Victory parades, pandemics and vaccines
The ceremonies have been postponed from 9 May to today due to the coronavirus epidemic. But in many cities there are no demonstrations, or they are held early in the morning without a public. The virus spreads to Chechnya and the Caucasus, Siberia and Asian Russia: data collection is difficult. Vaccine tests on 20 volunteers have started at Sechenov University in the capital.
Moscow (AsiaNews) - Today, June 24, the great Victory parade is finally being held in Russia, in memory of the 75 years since the end of the "Great Patriotic War", postponed from the "canonical" date of May 9 due to the Covid-19 pandemic. The June date also marks the "first parade", when the victors of Berlin paraded on the Red Square in Moscow on their return home.
In the meantime, however, the coronavirus epidemic is far from over, even if there is a slight drop in the overall numbers (about 7500 cases in the last 24 hours, with just over 100 deaths). The virus is spreading from Moscow and large cities, where the curve appears to be clearly decreasing, to various regions and peripheries of the country, often faced with serious failings in local health services and protective equipment, and where in some cases the population refuses to abide by strict self-isolation rules.
In many regions it is also difficult to collect data on the infected, the deceased and the cured, especially in Caucasian areas of Russia such as Chechnya, Ingushetia, Kabardino-Balkaria, North Ossetia and the Krasnoyarsk region, but also in various parts of Siberia and Asian Russia in general.
In Kyzyl, capital of the republic of Tuva in central-southern Siberia, with 112 thousand inhabitants, by public order of the mayor, all public transport has been stopped indefinitely since yesterday, against an increasing number of positive cases at the rate of 140- 150 per day, and the difficulty of city hospitals in coping with the epidemic. The inhabitants of the city have not yet adapted to the quarantine measures, also considering the exceptional heat of these days in Siberia.
In Moscow, trials for the production of an anti-Covid vaccine are proceeding at a fast pace. The top 20 volunteers enrolled for tests at Sechenov University complain of violent headaches and severe increases in body temperature. The institute issued a reassuring statement, stating that these are expected and temporary reactions, which disappear within 24 hours. Elena Smolarchuk, director of the university's clinical center, said that "the reaction to vaccine tests falls within the standards, but only at the end of the immunological analyzes will we understand the effectiveness". The volunteers are guests of the facility in comfortable rooms with one or two beds, under the specialists’ observation, where they will stay for at least a month; the Russians are confident that they will get the vaccine by September.

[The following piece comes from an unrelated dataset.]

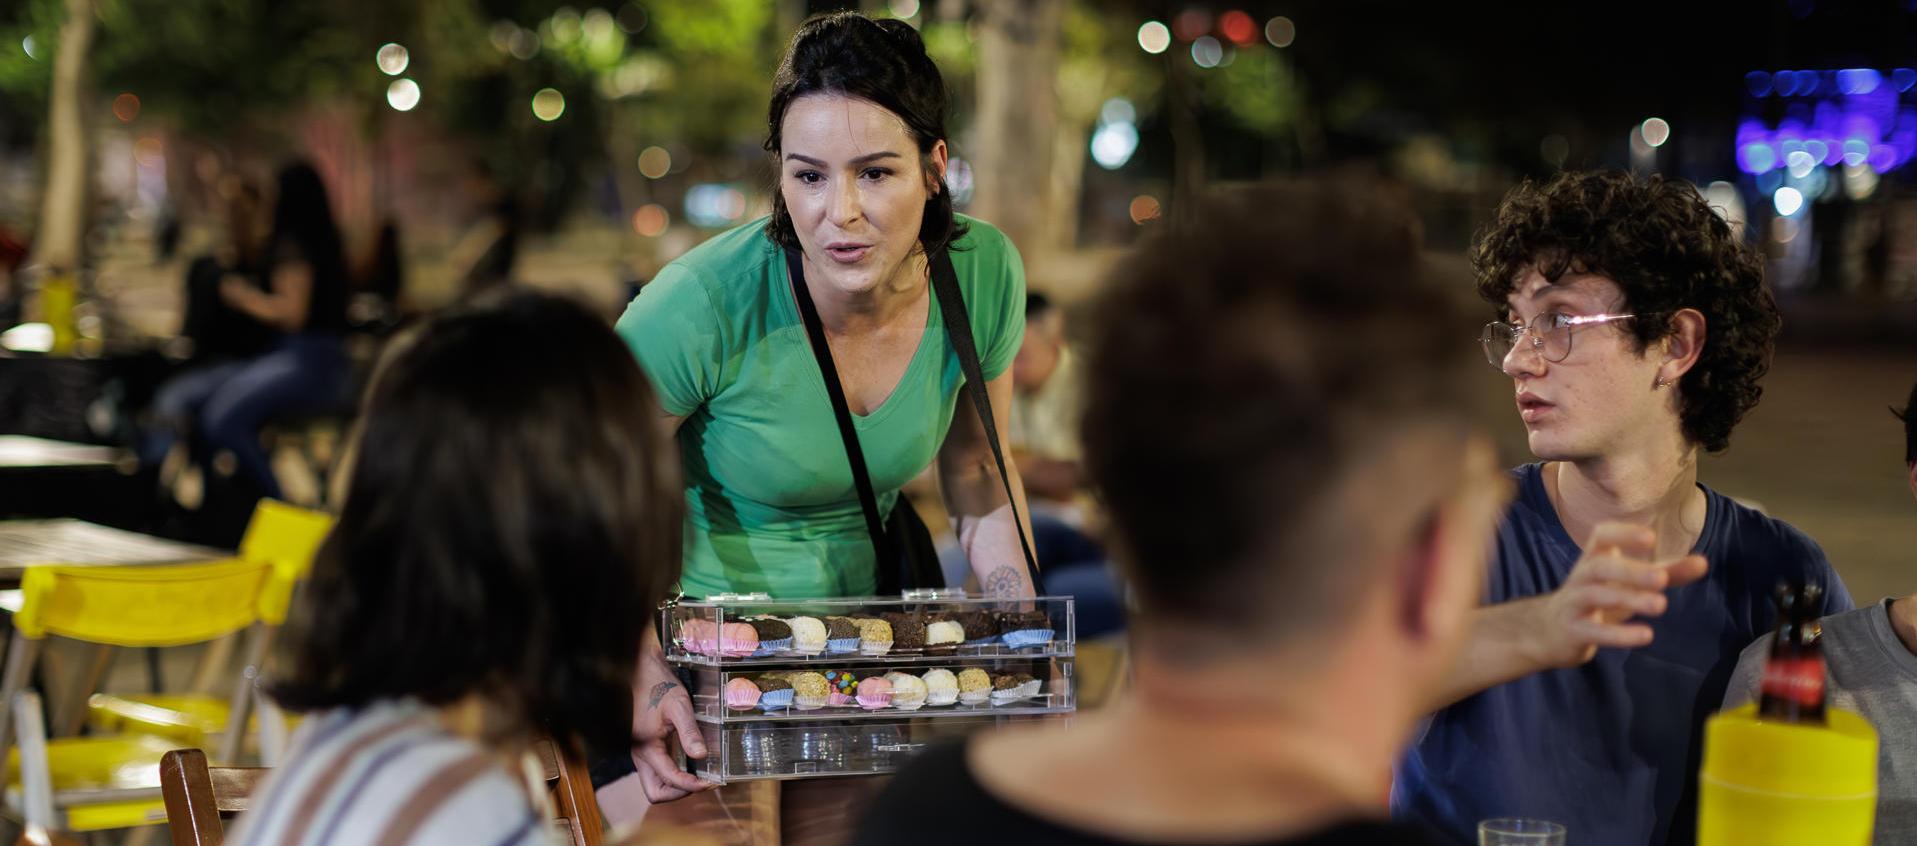 Una mujer trabaja vendiendo dulces en la ciudad de Sao Paulo, Brasil.

As a result of the pandemic, the parades on June 24 are taking place in a rather surreal atmosphere. In some cities they have been canceled, in others they are held early in the morning, without any public. Moscow, on the other hand, expresses all the desire to exalt the great Victory, as augured by President Vladimir Putin and the Patriarch of Moscow Kirill (Gundjaev) in the joint visit or "inauguration" of the Cathedral of Victory at the "Patriot" park in Moscow, solemnly consecrated on June 14, and the subsequent visit to the attached museum or memorial complex entitled "The road of memory".
Putin defined the memory of the Great Patriotic War as "absolutely sacred". The patriarch congratulated the soldiers present for "the memorable date of June 22", the day of the Nazi invasion with the gigantic "Operation Barbarossa" of 1941, "a tragic and solemn day for all of us". These words, however, aroused serious doubts in public opinion, the wish being rather sinister, citing the day of the invasion, when Stalin himself hid in fear, before reacting a few days later. However, June 22 was included in the Russian civil calendar as the "Day of remembrance and affliction", underlining a very Russian characteristic in associating the great victories with the great sufferings.
The statistics that have emerged from recent surveys confirm that almost 90% of Russians define themselves as "patriotic", but these generic statements hide growing criticism of the shortcomings of the health system, education and various social services, that the state is increasingly struggling to guarantee. The patriotic hangover will end on 1 July with the (partially virtual) referendum on changes to the Constitution, where a predicted favorable outcome is expected, but also a low turnout.